• [EXERCISE BRIEF]:
Could you restate word for word every line from the one containing "LEGO Star Wars Gwiazda Śmierci 75159" to the end of the data below, pictures excluded?

• [RECORDED INFORMATION]:
_ _ _
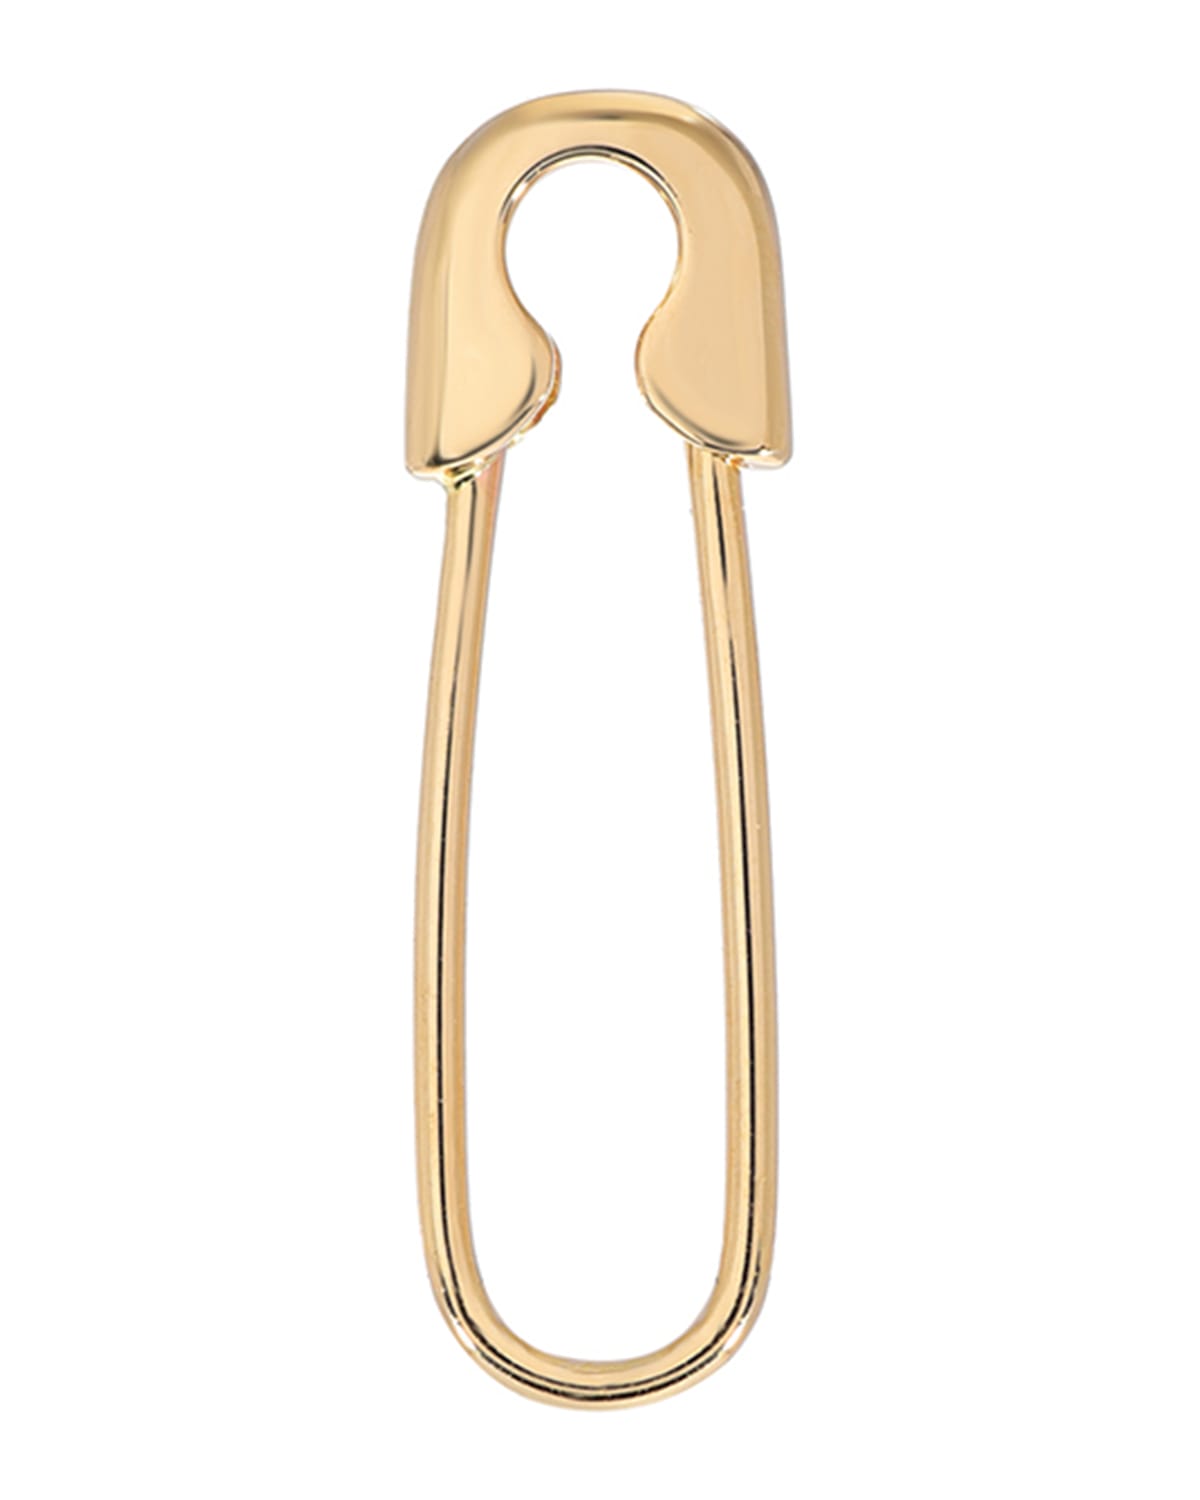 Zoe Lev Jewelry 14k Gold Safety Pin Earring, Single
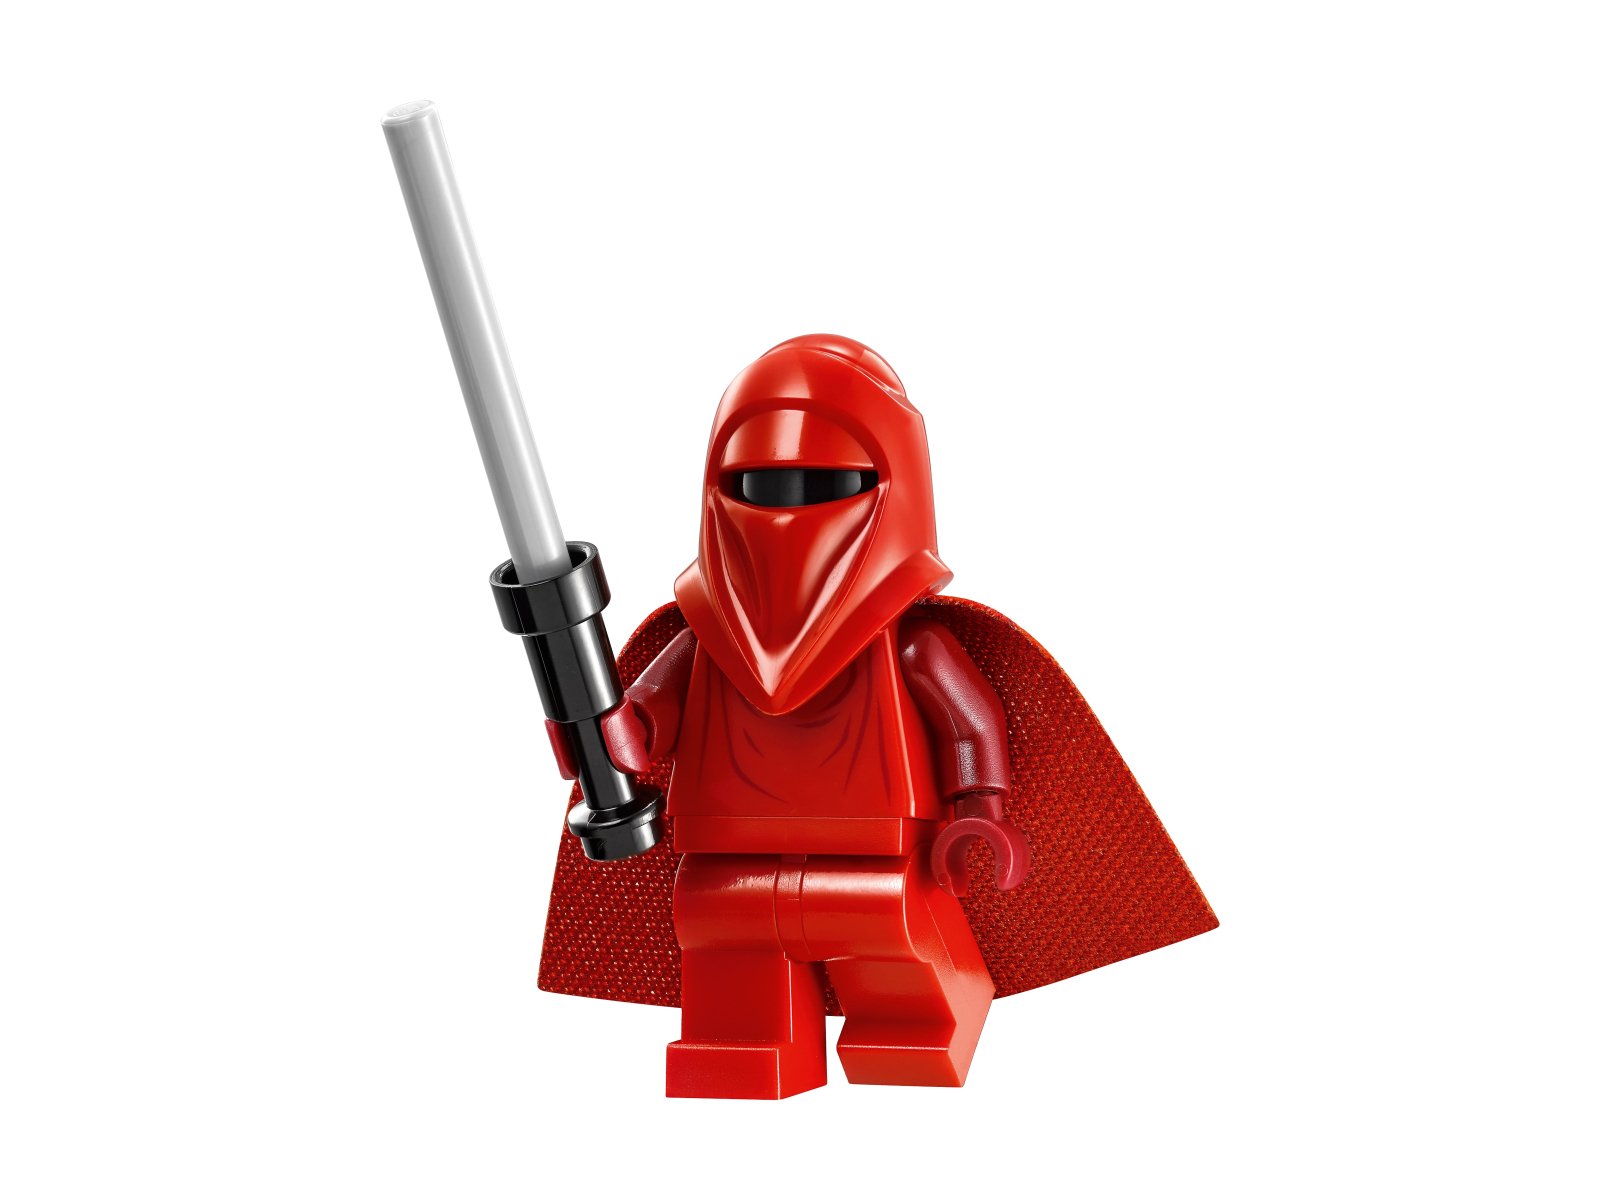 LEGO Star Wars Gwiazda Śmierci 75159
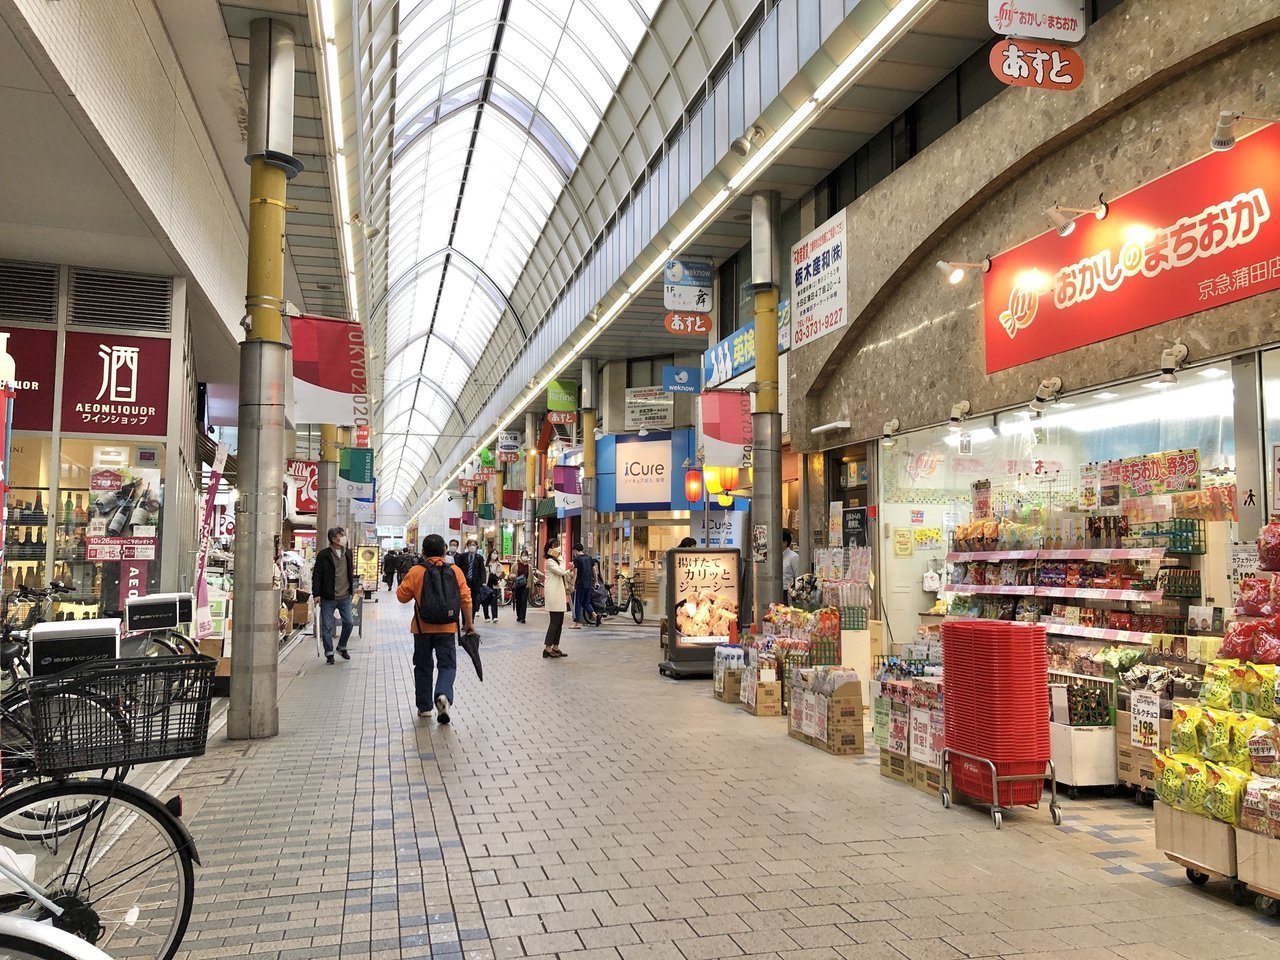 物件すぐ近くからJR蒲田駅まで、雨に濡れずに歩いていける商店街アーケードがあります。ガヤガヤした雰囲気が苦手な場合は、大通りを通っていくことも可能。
_ _ _
• [RESPONSE FOR THIS EXERCISE]:
 LEGO Star Wars Gwiazda Śmierci 75159
 物件すぐ近くからJR蒲田駅まで、雨に濡れずに歩いていける商店街アーケードがあります。ガヤガヤした雰囲気が苦手な場合は、大通りを通っていくことも可能。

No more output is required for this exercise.